In considering these questions – and there will be many more fine analyses to come – there is a constant theme at play both before and after the Congress:

  • Mr. Xi’s commitment to Marxist ideology.

And this is key to understanding Mr. Xi’s policies and actions after the Congress.

  • If you think Mr. Xi is just paying lip service to communism, think again.

Regular readers here know this recurring theme:

  • Xi Jinping is and always has been a Marxist – a true believer.
  • He aims to put China back on the socialist road after a few decades of using Deng-inspired capitalist tools to create ‘overwhelming abundance.’
  • Whenever he takes an action that looks irrational to us, check first to see if it’s rational in Mr. Xi’s Marxist ideology.
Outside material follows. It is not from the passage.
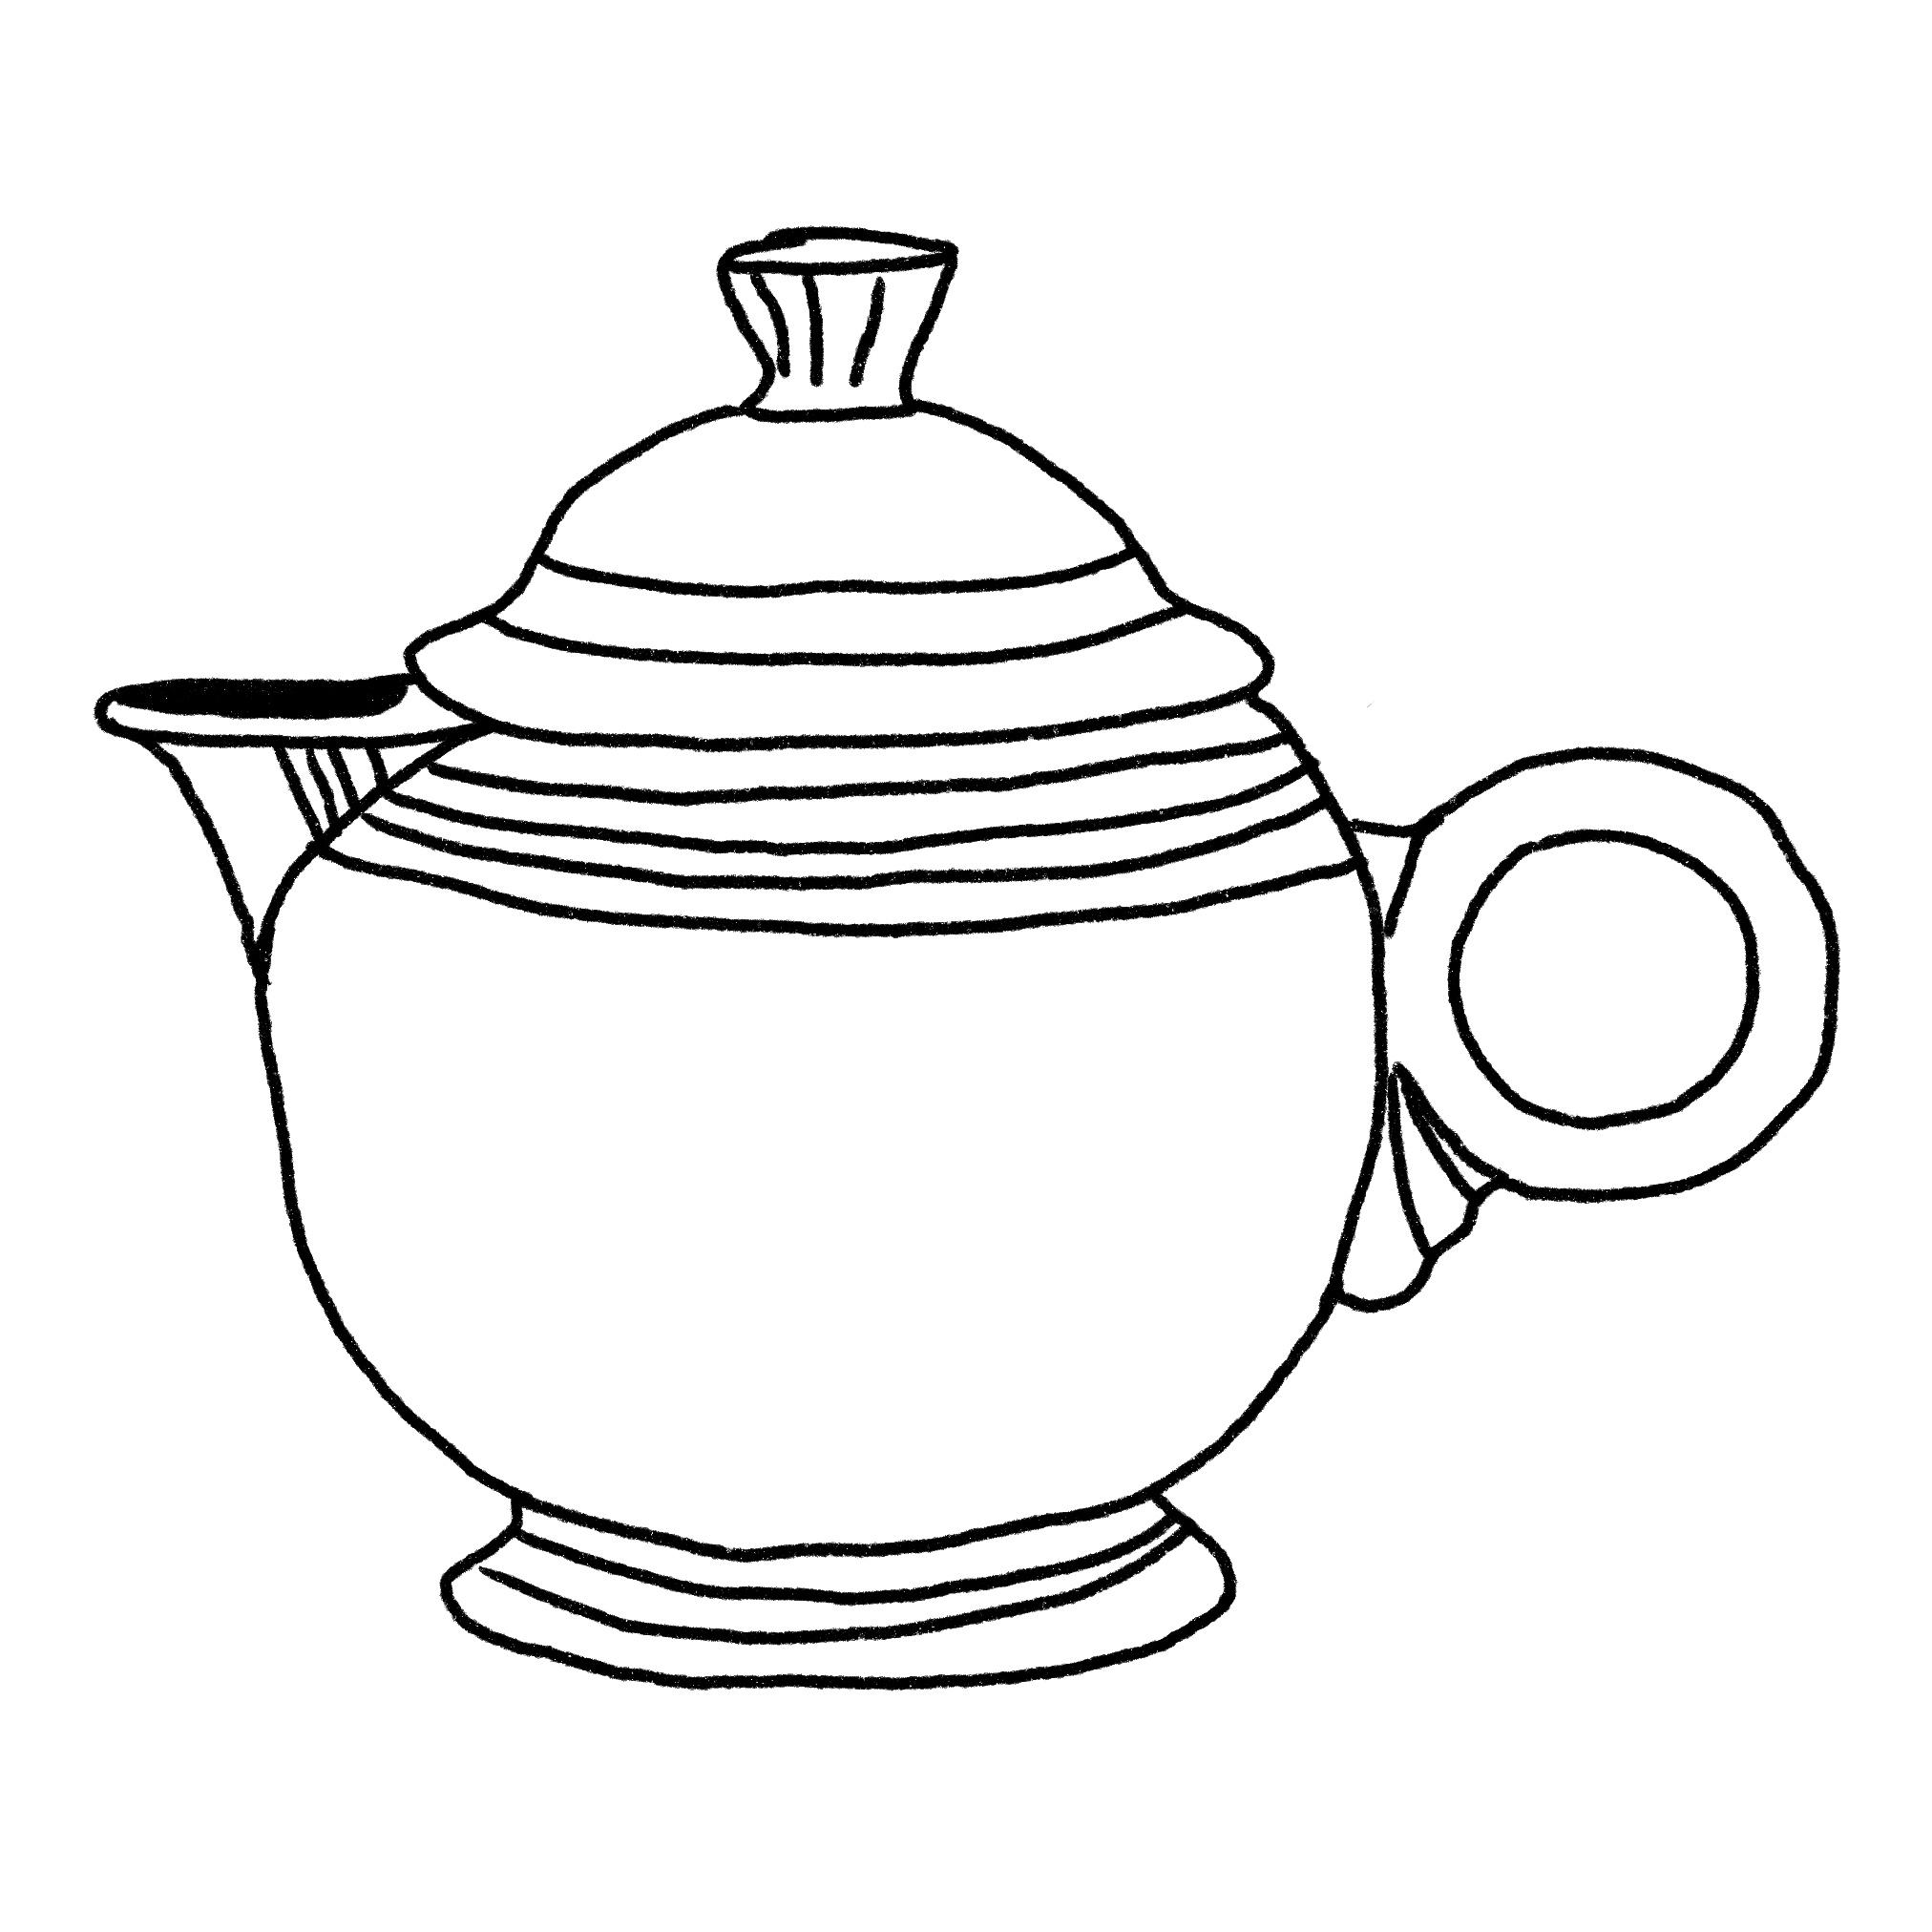 Illustration of a teapot
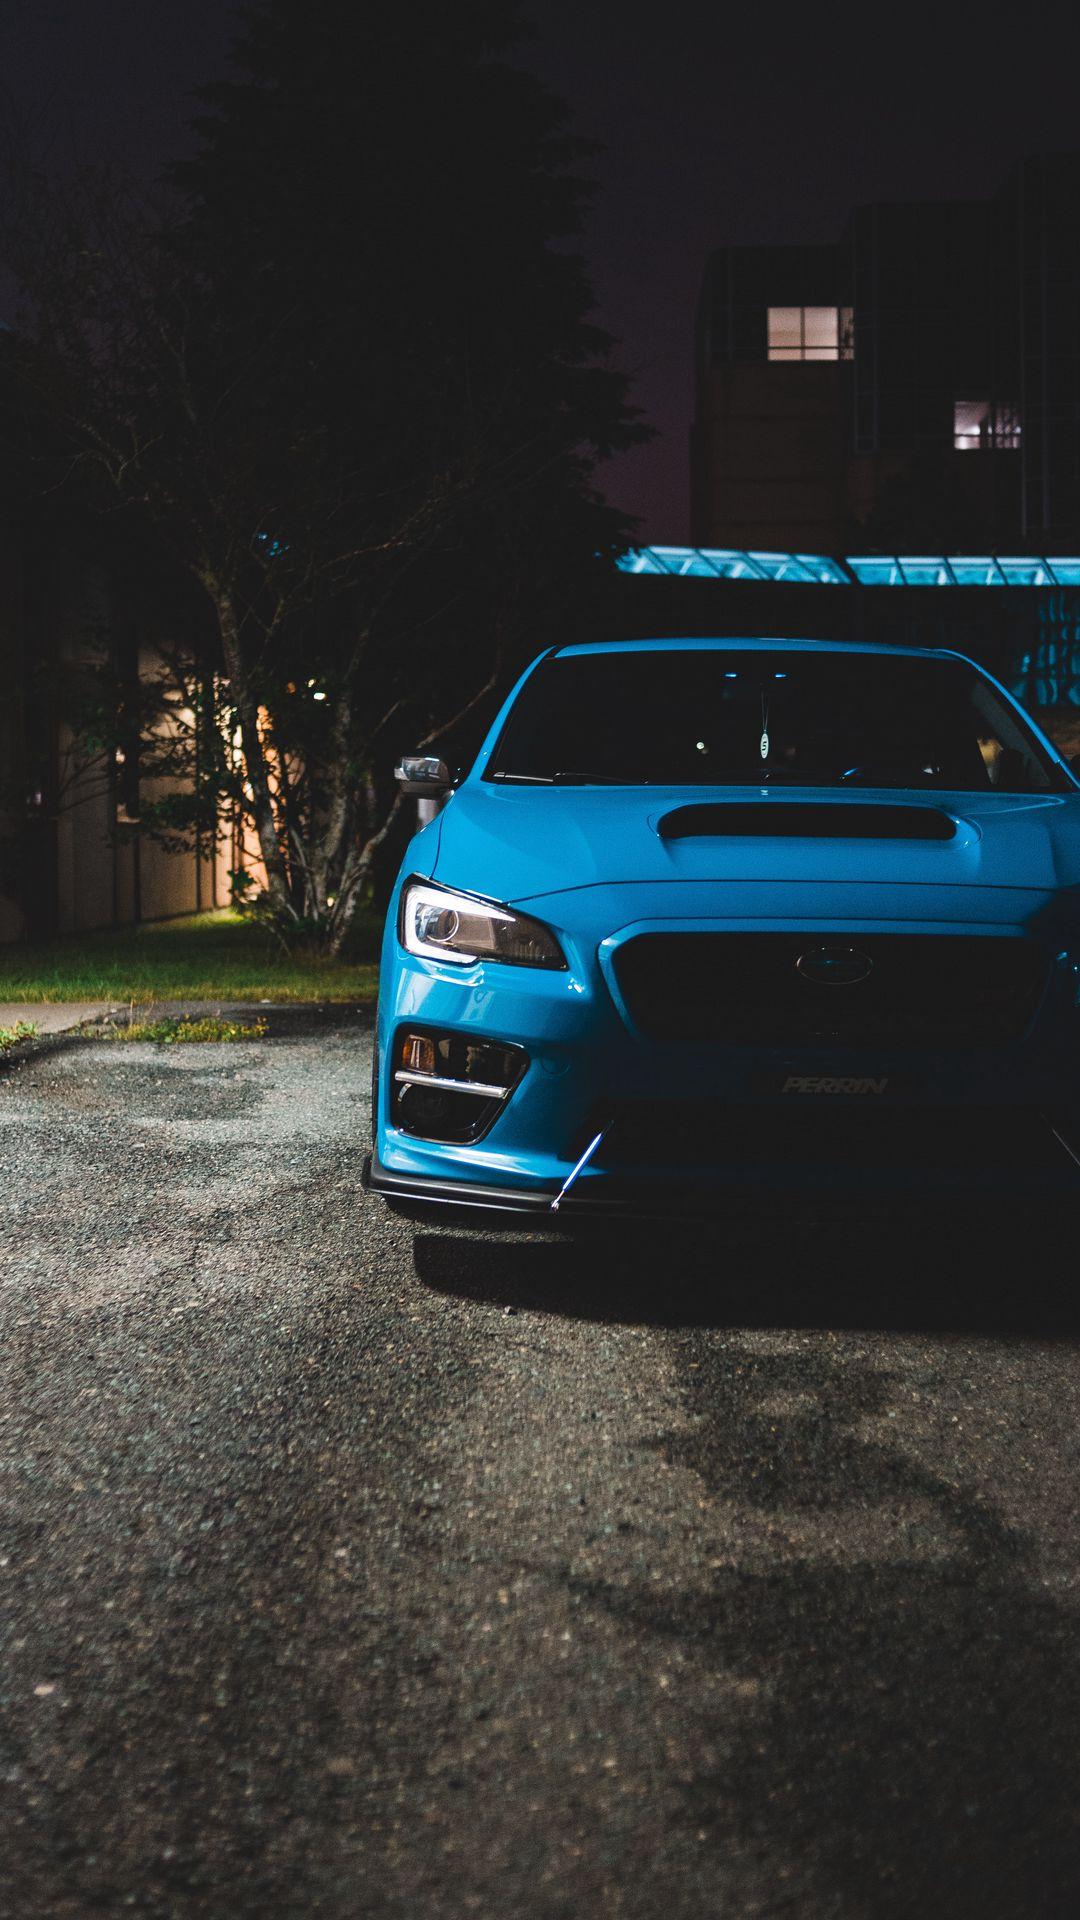 4K Ultra HD Subaru Brz Car HD Wallpapers Free Download

And that theme recurs in today’s issue.Kevin Rudd, president of the Asia Society, former Australian Prime Minister, and astute China expert has just published a terrific analysis in Foreign Affairs:

Here are a few excerpts plus a real-world example of Xi the ideologue at work.

1 | An understandable omission

‘In the run-up to the 20th National Congress of the Chinese Communist Party (CCP), Western analysts have sought to decode the worldview that drives him and his ambitions for China,’ writes Kevin Rudd.‘One important body of thought has been largely absent from this search for understanding, however:’

  • ‘Marxism-Leninism.’

‘The omission is understandable.’

  • ‘Most Western thinkers long ago came to see communist ideology as effectively dead.’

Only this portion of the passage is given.